Fig. 7. Transplanting of fecal microbiome intervened by GP
improves intestinal inflammation. (A) Immunofluorescence for p-NF-κB was
performed on colon sections. (B) The expression of autophagy-related and
inflammation-related proteins measured by western blot. (C) (D) The
expressions of proteins were quantified by the ratio of phosphorylated
protein/total protein and total amount protein/GAPDH. All data shown are
representative of 3 independent experiments. Bars in graphs represent
mean ± SD, # P<0.05, ## P<0.01 VS
Control group; *P<0.05, **P<0.01 VS DSS group.

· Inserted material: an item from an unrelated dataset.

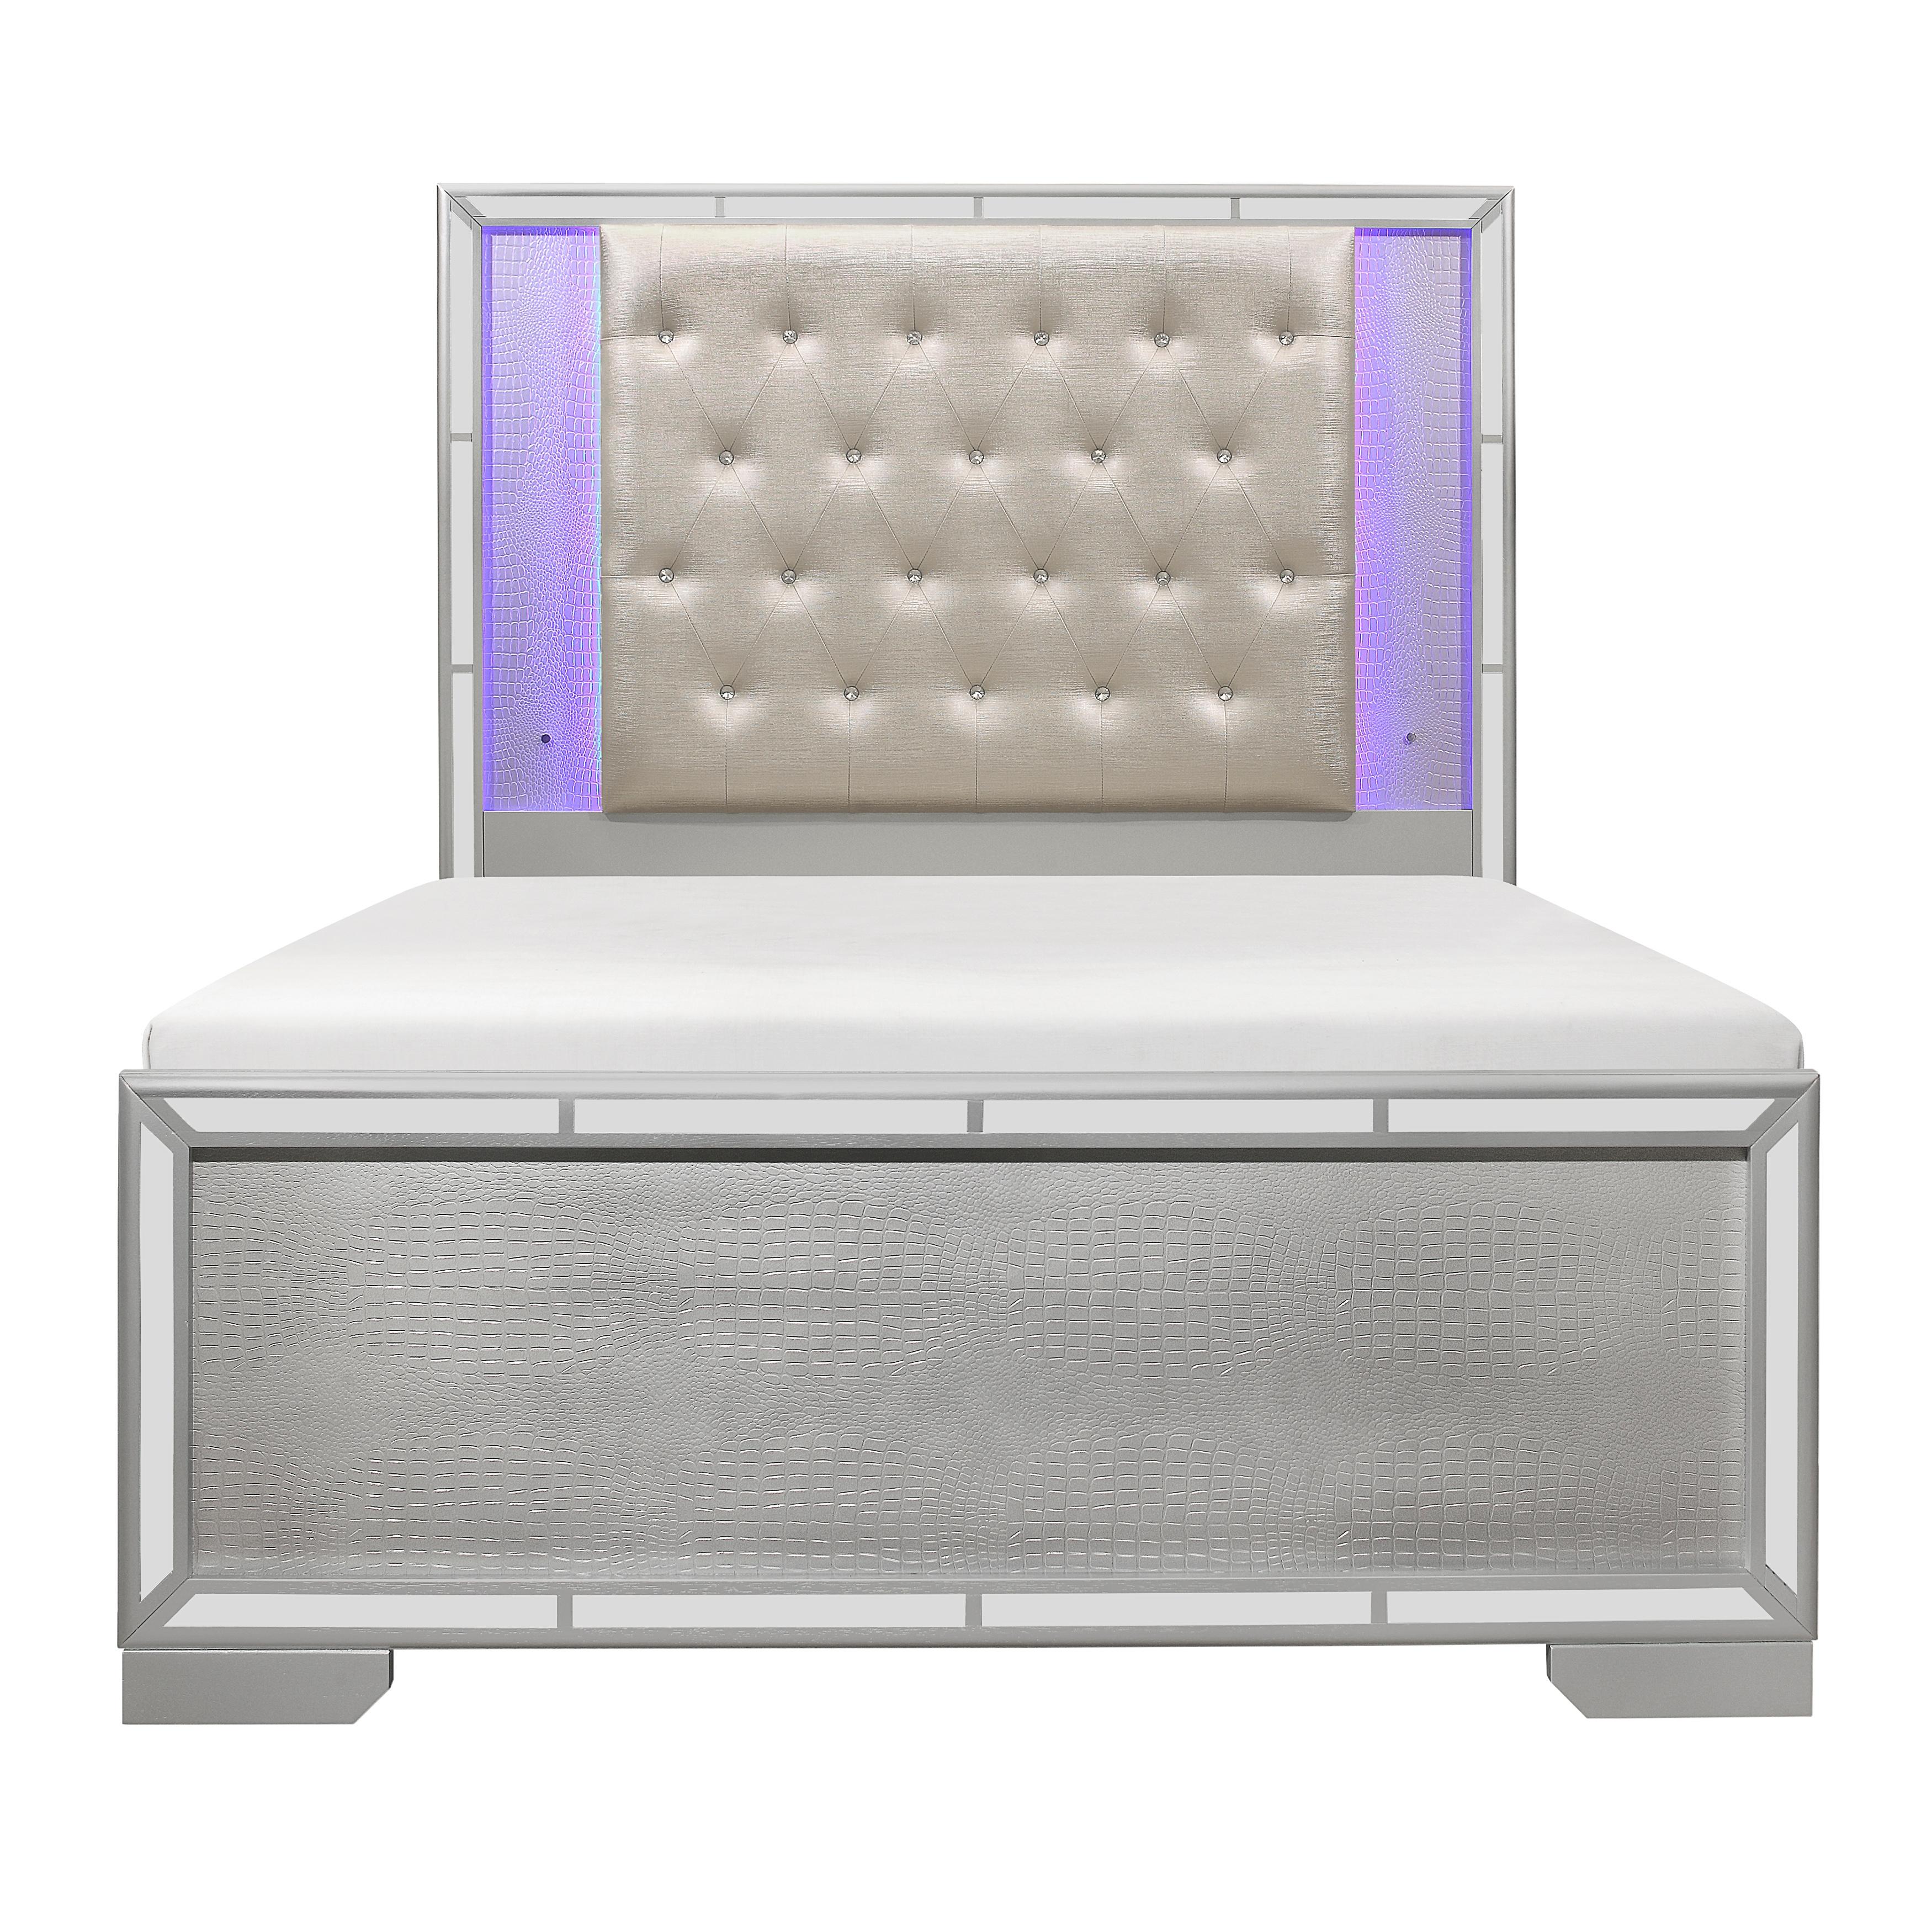 Modern Bed 1428SVK-1CK* Aveline 1428SVK-1CK* in Silver Faux Leather
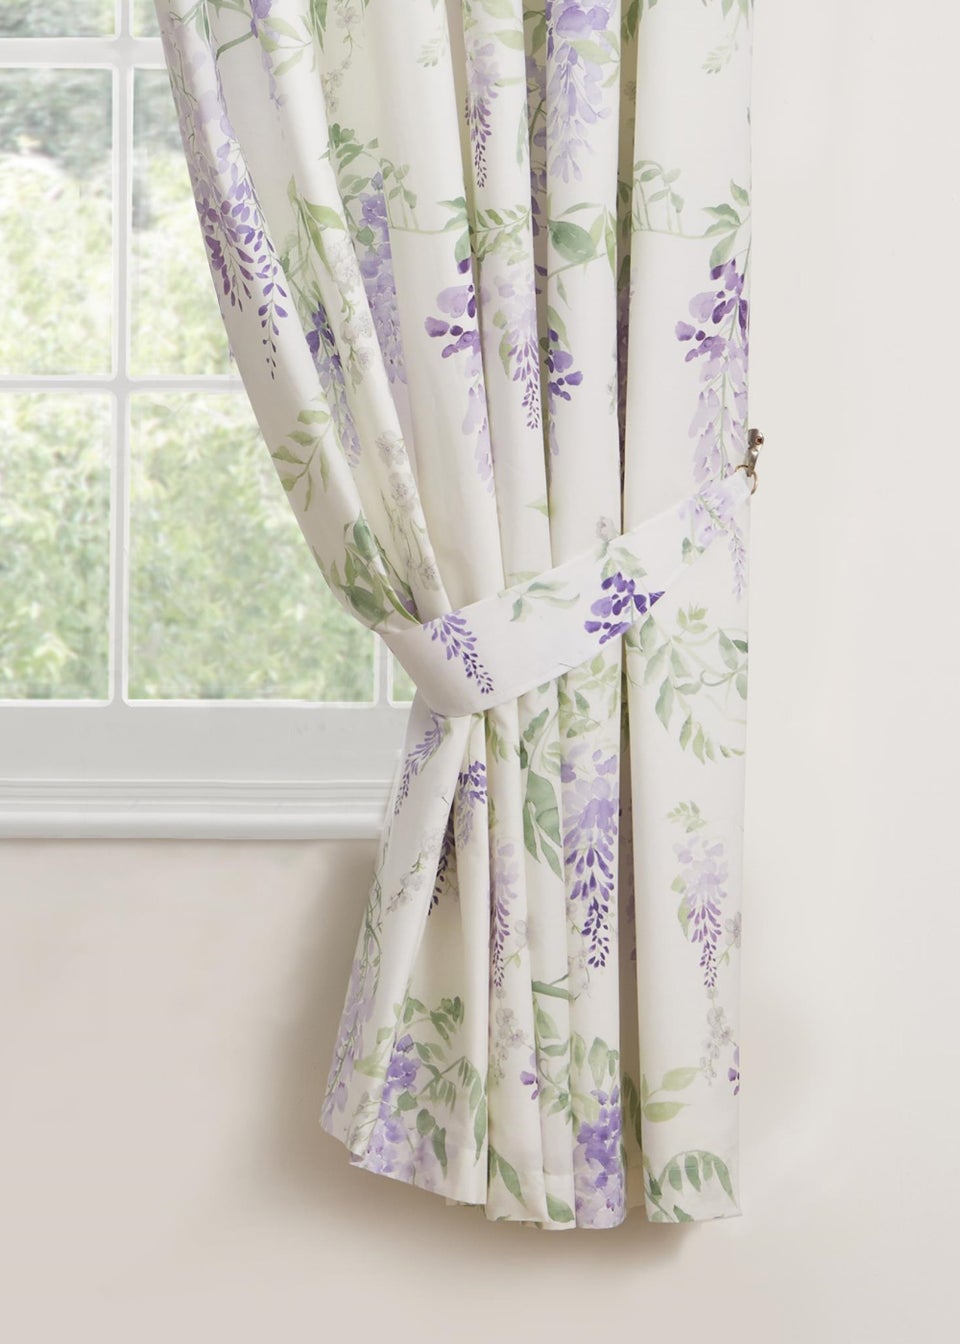 Dreams & Drapes Wisteria Pencil Pleat Curtains With Tie-Backs

To validate the protective effect of GP on intestinal inflammation
associated with microbe-TLR4-autophagy axis, we detected the levels of
several key proteins using Western blot analysis. FMT had almost no
effects on the TLR4 pathway and mTOR-dependent autophagy, as shown in
Fig. 7. Meanwhile, the colitis rats transplanted with DSS-treated
microbiota showed a marked activation of the classic TLR4-p38 MAPK-NF-κB
inflammatory pathway (Fig. 7A and B) as well as the phosphorylation of
mTOR. Subsequently, the accumulation of p62 and the decrease of
LCBII/LC3BI suggested defective autophagy. Notably, there was
significant attenuation of TLR4 and degradation of p62 after FMT with
GP-treated microbiota, which achieved similar therapeutic effects
compared to GP lavage. In summary, the potential mechanism of GP on
ameliorating intestinal inflammation via regulation of the gut
microbiota and which was associated with TLR4-autophagy.